Яра очнулась ночью. Вокруг было темно и тепло. И если первое было вполне объяснимо, то второе – непонятно и тревожно. Девочка тихо, стараясь не шуметь, стянула с себя одеяло и, шлепая босыми пятками по полу, поспешила к задернутому шторой окну. Лунный свет с трудом пробивался через тяжелую занавеску, и Яре пришлось приложить усилия, чтобы хоть немного сместить край.
Она с недоумением оглядела себя, чистую – даже под ногтями не было ставшей привычной грязи, в новой ночной рубашке своего размера, с расчесанными и ровно подстриженными волосами. Яра развернулась к кровати и увидела два ряда одинаковых постелей, занятых девочками. По выбивающимся из-под одеяла рукавам, она поняла, что на них такие же рубашки.
«Приют», – пронеслась мысль в ее голове.
Яра не знала, радоваться ей или плакать: с одной стороны сбылись самые смелые мечты юного обитателя улиц, с другой – она не понимала, почему она здесь? Люди с городского дна, как никто иной, знали, что им дорога наверх, пусть даже в дома призрения, закрыта.
Стараясь никого не разбудить, девочка прокралась к выходу, аккуратно отворила створку и выбралась в коридор, притворила за собой дверь и…
– Спать, – зло крикнули ей прямо на ухо.

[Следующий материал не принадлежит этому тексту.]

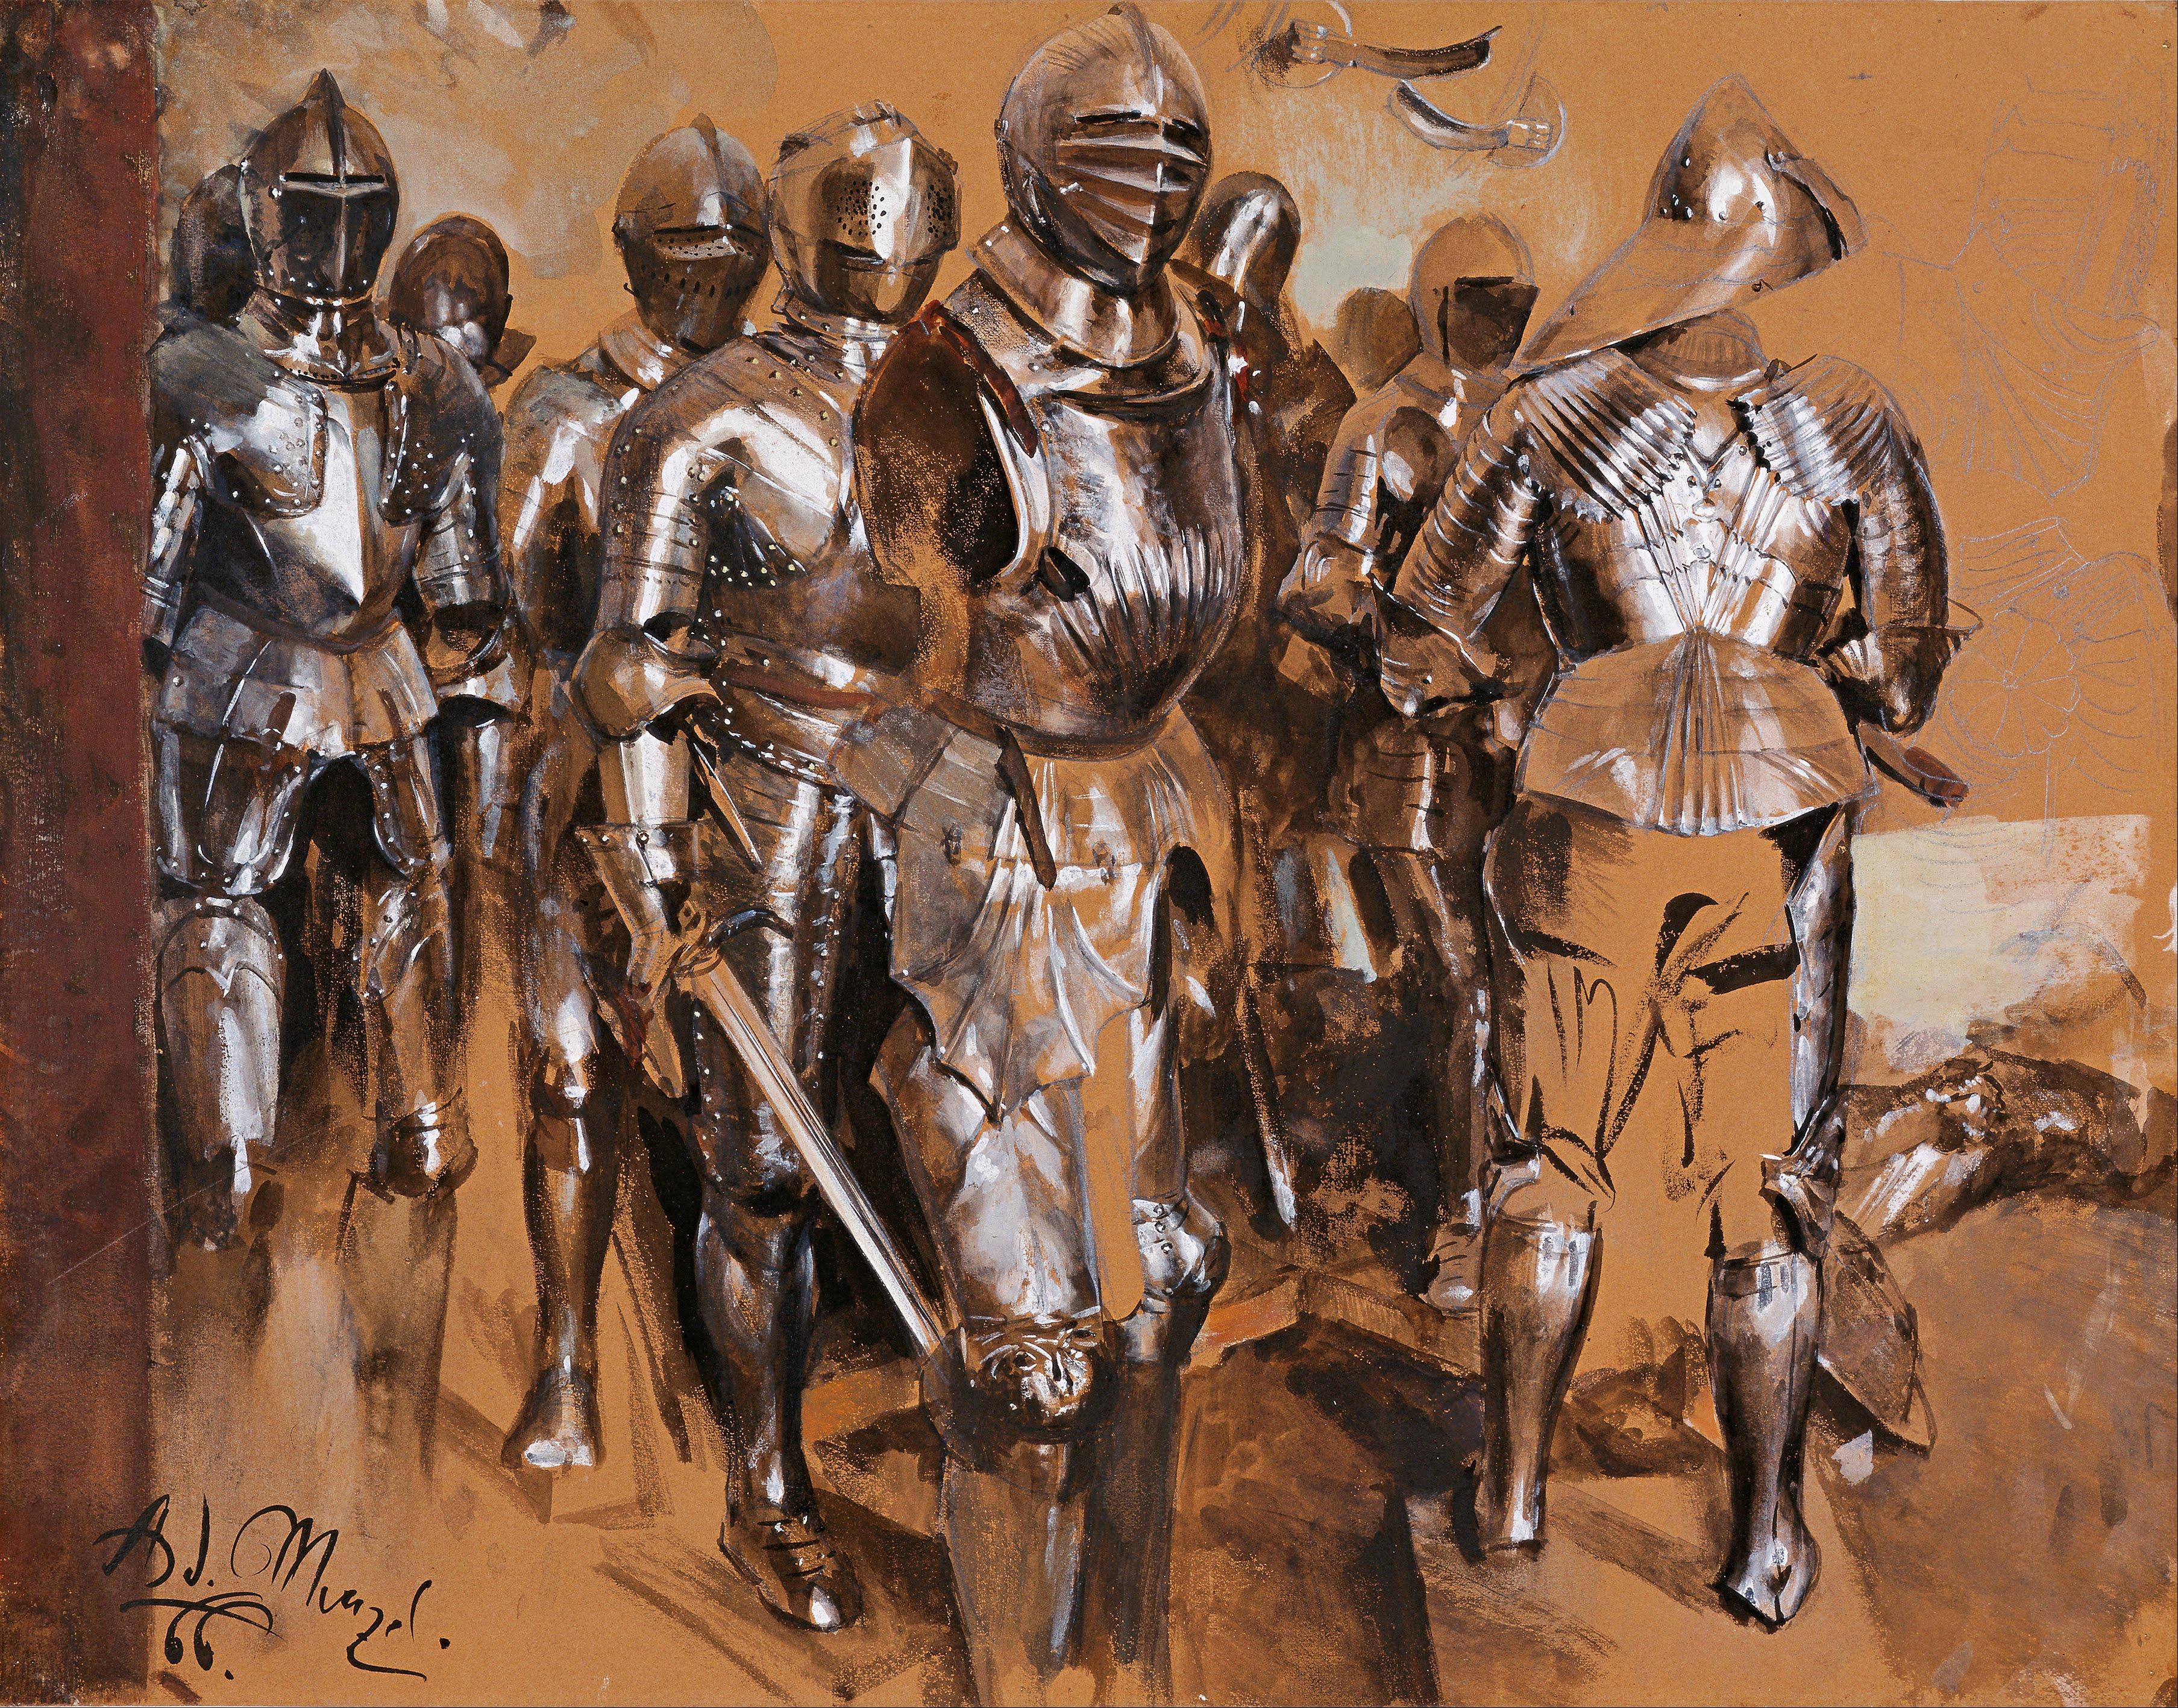 Adolf_Menzel_-_-Armor_Chamber_Fantasy-,_1866_

Испугавшись, Яра попыталась отскочить и убежать, но обладательница неприятного скрипучего голоса, старуха лет семидесяти, крепко держала ее чуть выше локтя. – Хождение по коридорам в ночное время запрещено. Наказание – карцер, – надрывно вещала старуха, таща девочку за собой. – Я вас научу выполнять правила. Старая Гарлен вас всех научит, – приговаривала она.
Смотрительница дотащила ее до второй двери, на сей раз перегораживающей коридор, и, звеня ключами, принялась открывать.

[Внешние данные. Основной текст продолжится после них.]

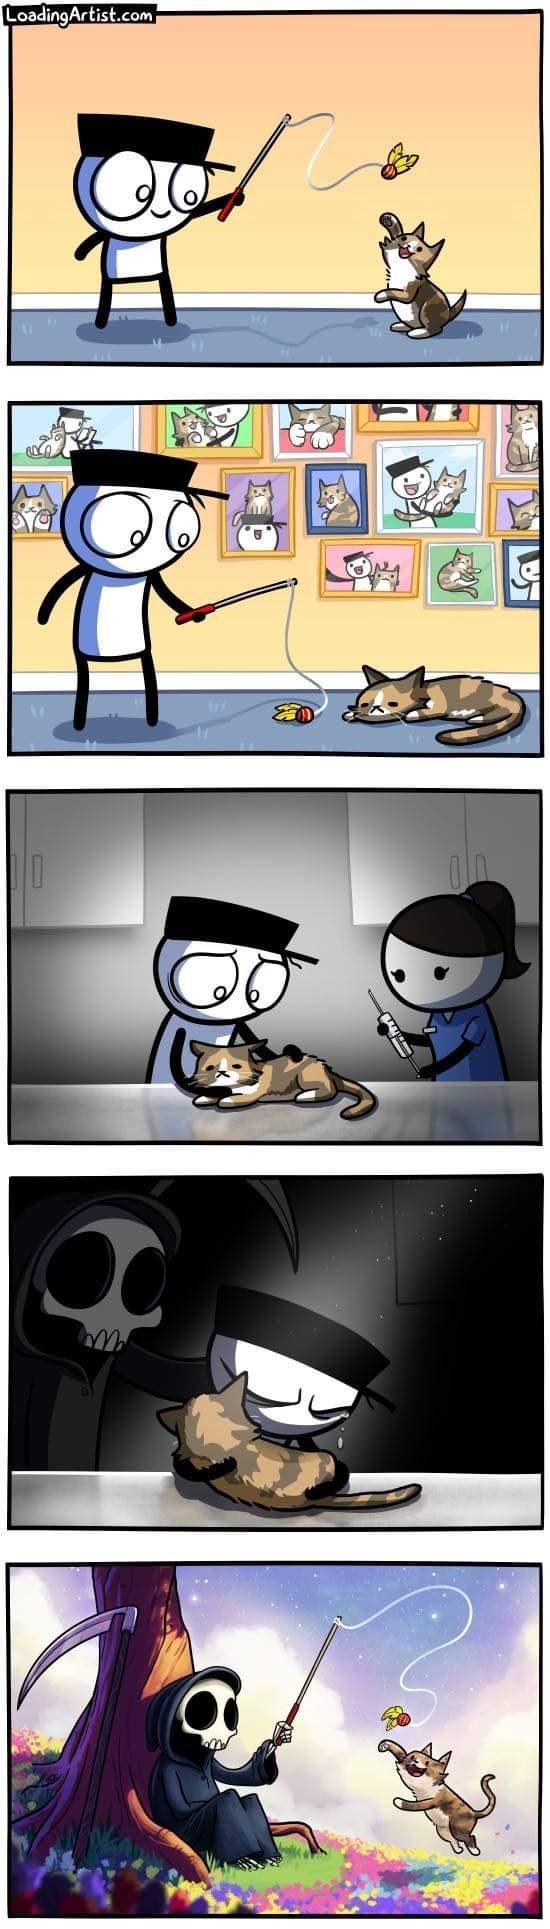 Cartoon - LoadingArtist.com

– Что случилось? – ласково спросили с той стороны, и Яра, еще не видя обладательницу голоса, прониклась к ней симпатией. Увидев же ее, чуть не расплакалась, так ласково смотрела на нее эта незнакомка с большими добрыми глазами и теплыми ладонями, которые мигом легли на ее худенькие плечи. – Гарлен?
– Эта выбралась из спальни и хулиганила.
– Неправда, – воскликнула Яра, сжимая кулаки. – Вы врете.
– Тише. Сейчас мы пойдем, выпьем чаю, и ты мне расскажешь все, что тебя беспокоит. Ты же поэтому ушла из спальни?
– Да, – тихо признала Яра.
– Вот и славно. Гарлен, возвращайтесь на пост, – коротко распорядилась женщина и, не выпуская Яриной ладошки, повела ее куда-то.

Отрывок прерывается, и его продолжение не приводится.